Semantics

throughout the code you will read references to something called representation (occasionally shortened to rep), this is supposed to mean some kind of simplification of a media item. For instance an image may be represented by a string hash or a 512 dimensional vector. So, the word representation is a generic way to encapsulate this idea. This allows us to write generic interfaces like store(rep) to store a representation of a media item in a database (mongo, sql, elasticsearch) as opposed to creating functions like store(hash), store(vector) etc.

Logging

within every module, inject the following code

import logging log = logging.getLogger(__name__)

Continue to use log.info(), log.warning() and log.error() as a way to log results.

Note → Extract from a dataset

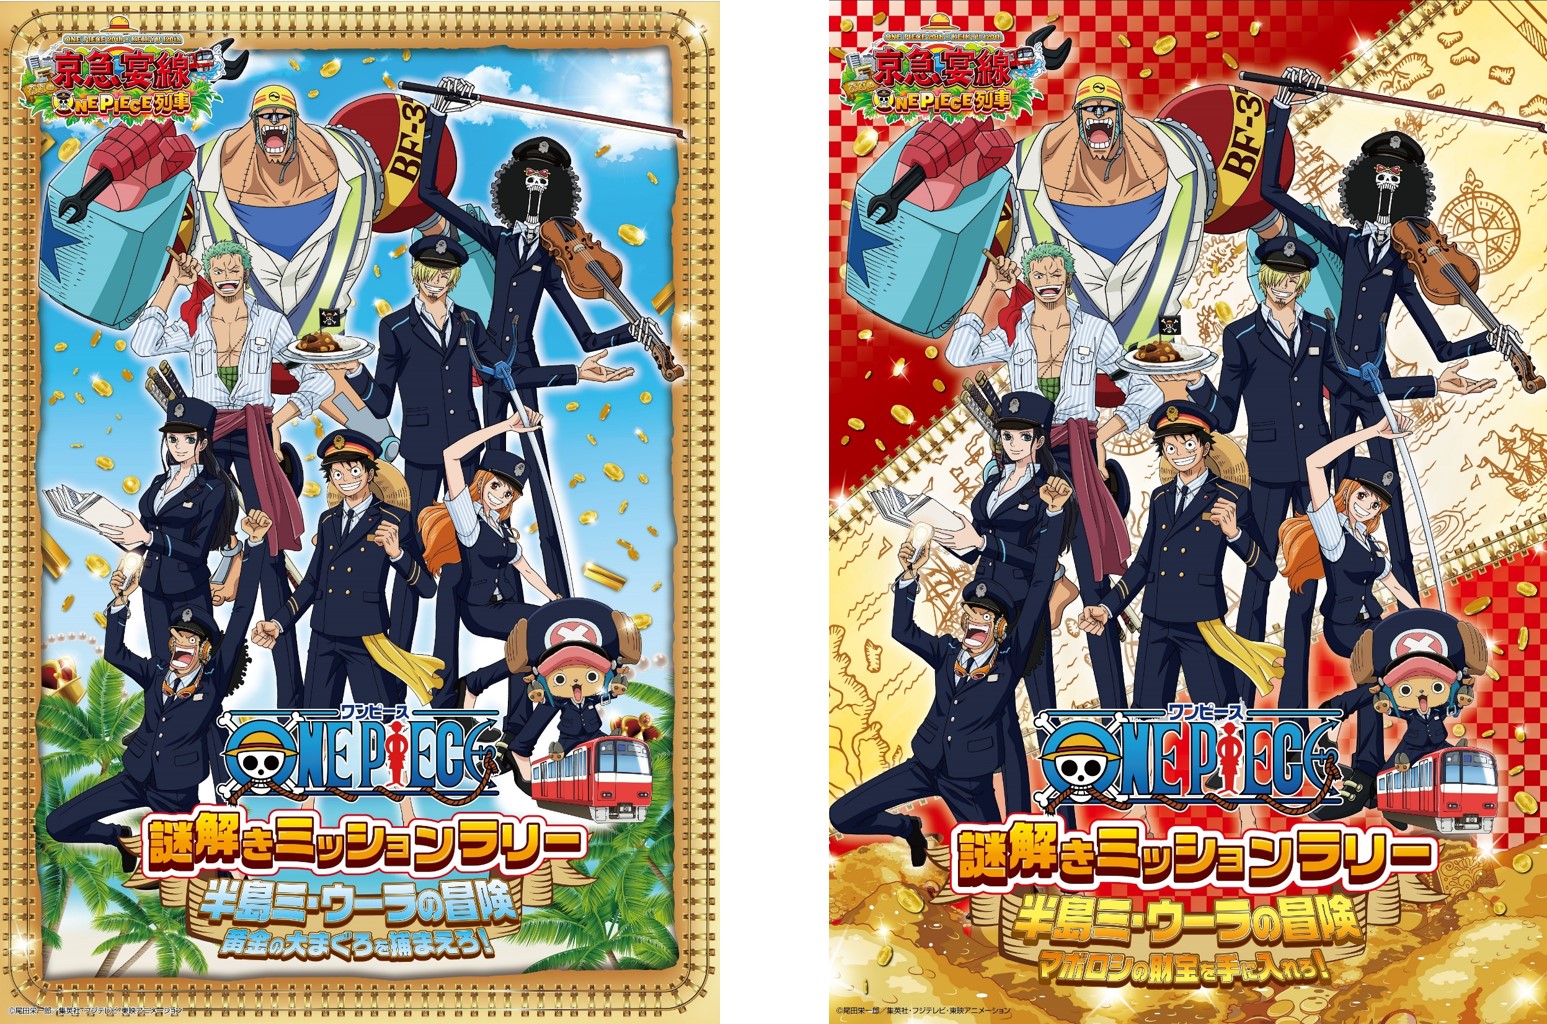 京急電鉄で One Piece謎解きミッションラリー 開催 駅を巡りながら謎を解こう バンダイナムコアミューズメントのプレスリリース

During development these logs will be available for viewing to the developer in their terminal whereas in production, these will be collected by a log agent and sent to a centralized dashboard like kibana or xyz

For exception handling, please use the log.exception() method instead of log.error(). this ensures that the stack trace is printed along with the exception and is helpful in debugging.

log.info("hello") log.warning("missing field : age") log.error("somethign terrible happened") log.exception("Error Initializing App")

to pretty print dict, use this log.info(json.dumps(my_dict, indent=4))

TODO

  • write helper scripts for day to day operations, monitoring and debugging. eg : show pending items in a queue, flush the queue etc
  • Create a UI to demonstrate and test the server

Making Changes

for any changes to how API endpoints are handled, look for corresponding functions in the handlers function todo : collocate handler functions and the mapping between API endpoints and the handler functions

Caveats

Ensure that the operators you need are enabled in the config.yml and that only those operators are reffered to within your code base.

API definitions are defined in features

elements of a feature : controllers, routes, model

Pretty print while debugging

a lot of the config and payloads are dicts. pprint is a handy way to see them in a formatted way. import pprint pp = pprint.PrettyPrinter(indent=4) pp.pprint(my_dict)

in the request payload, either look for the media item in the files OR look for a media_url or text field in the post_data

Python and pip related things

pip list pip install <package_name> -U // upgrades the package to its latest version.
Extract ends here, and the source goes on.